The motion of inner shell has been shown among Figure 10 A-10C.Shown in Figure 10 A, some actuators, promptly actuator 322f, 322g, 322h, 322i and 322j are partially or completely activated (energy transport is to actuator), thus their axial shrinkage, with the part that is connected thereto towards center hub 348 pulling sheaths 348.Therefore, the crescent shape zone is formed in the external casing 340, in the fluid 356 suction external casings 340.Shown in Figure 10 B, the actuator (for example actuator 322f and 322g) that has activated by some fronts of stopping using to small part and to the small part adjacent actuator (for example actuator 322i, 322j, 322k, 322l and 322a) of stopping using makes the displacement of inner shell assembly.This sequential activation further makes the internal capacity motion of fluid 356 by external casing 340.Continuing sequential activation actuator (for example actuator 3221,322a, 322b, 322c, 322d, 322e etc.) continues to make fluid 356 towards outlet 352 motions, shown in Figure 10 C.In case fluid 356 is positioned near the outlet 352, activates near outlet 352 actuators (for example actuator 322a, 322b, 322c) fluid 356 is discharged by outlet 352.

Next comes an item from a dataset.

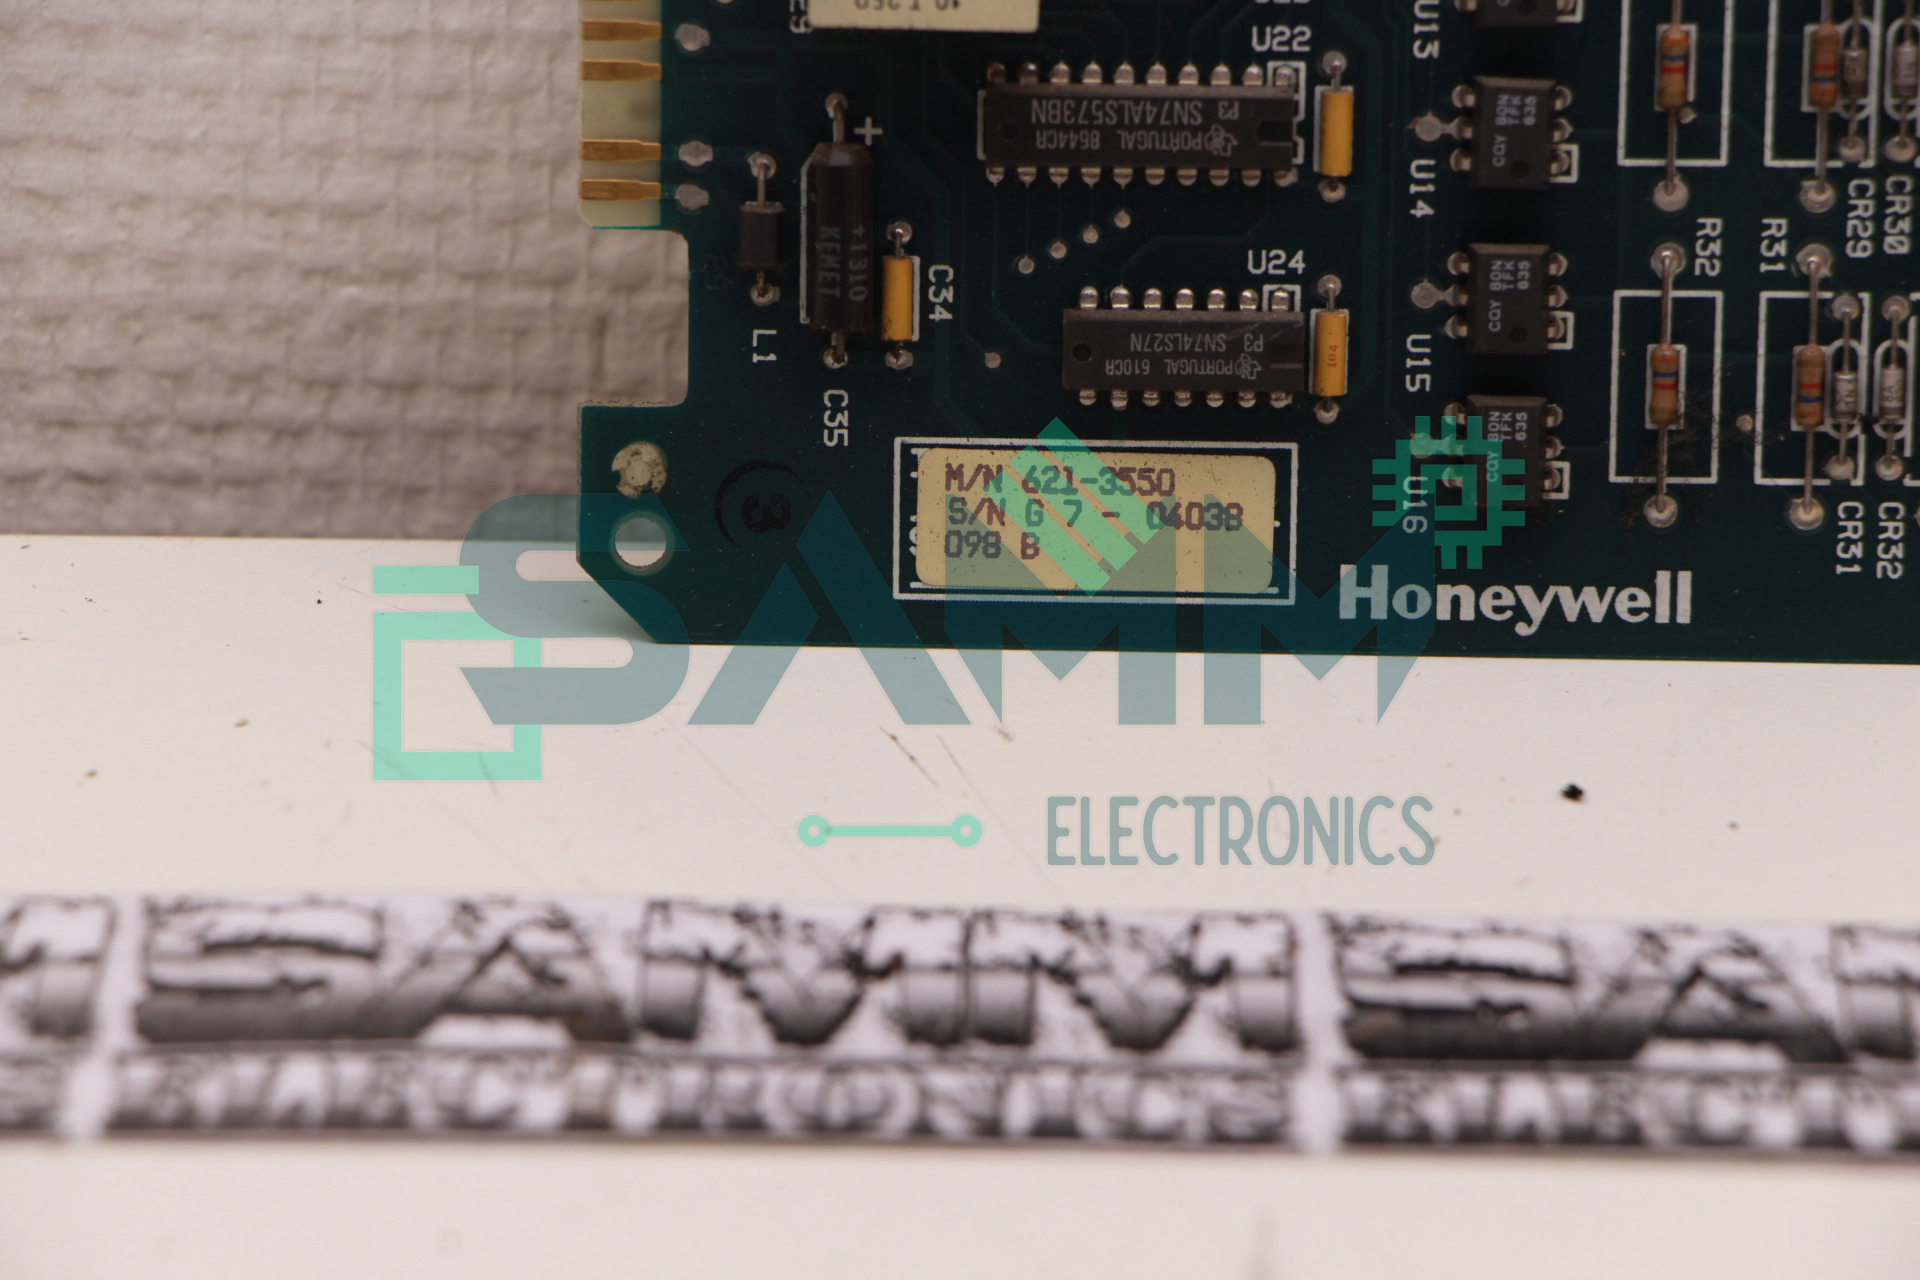 HONEYWELL-621-3550-BOARD Indexbild 4

Embodiment according to foregoing description it should be appreciated by those skilled in the art that other features and advantages of the present invention.For example, entry port can be arranged in the external member, and this external member has the entry port of different length, with the degree of depth of the cavity of the working zone that cooperates the patient.This external member can comprise the model of any amount, and perhaps the mechanism as the hospital can lay in the contact port to the size and dimension of determined number.Therefore, the present invention can't help the concrete content constraints that shows and describe, but limit by appended claim.Here all publications quoted and document are by clearly incorporating this paper into reference to its full content.
Claims (8)
1. pumping installations comprises:
External casing is formed with the passage that passes this external casing and has entrance and exit in this external casing;
The inner shell assembly, this inner shell assembly comprises:
Center hub, it is arranged in the described external casing and comprises with configuration radially from a plurality of actuators of its extension;
External jacket, it centers on described a plurality of actuators and center hub setting,
Wherein said a plurality of actuator can change shape and sequential activation when being applied in energy, described inner shell assembly is moved in described external casing form pump action.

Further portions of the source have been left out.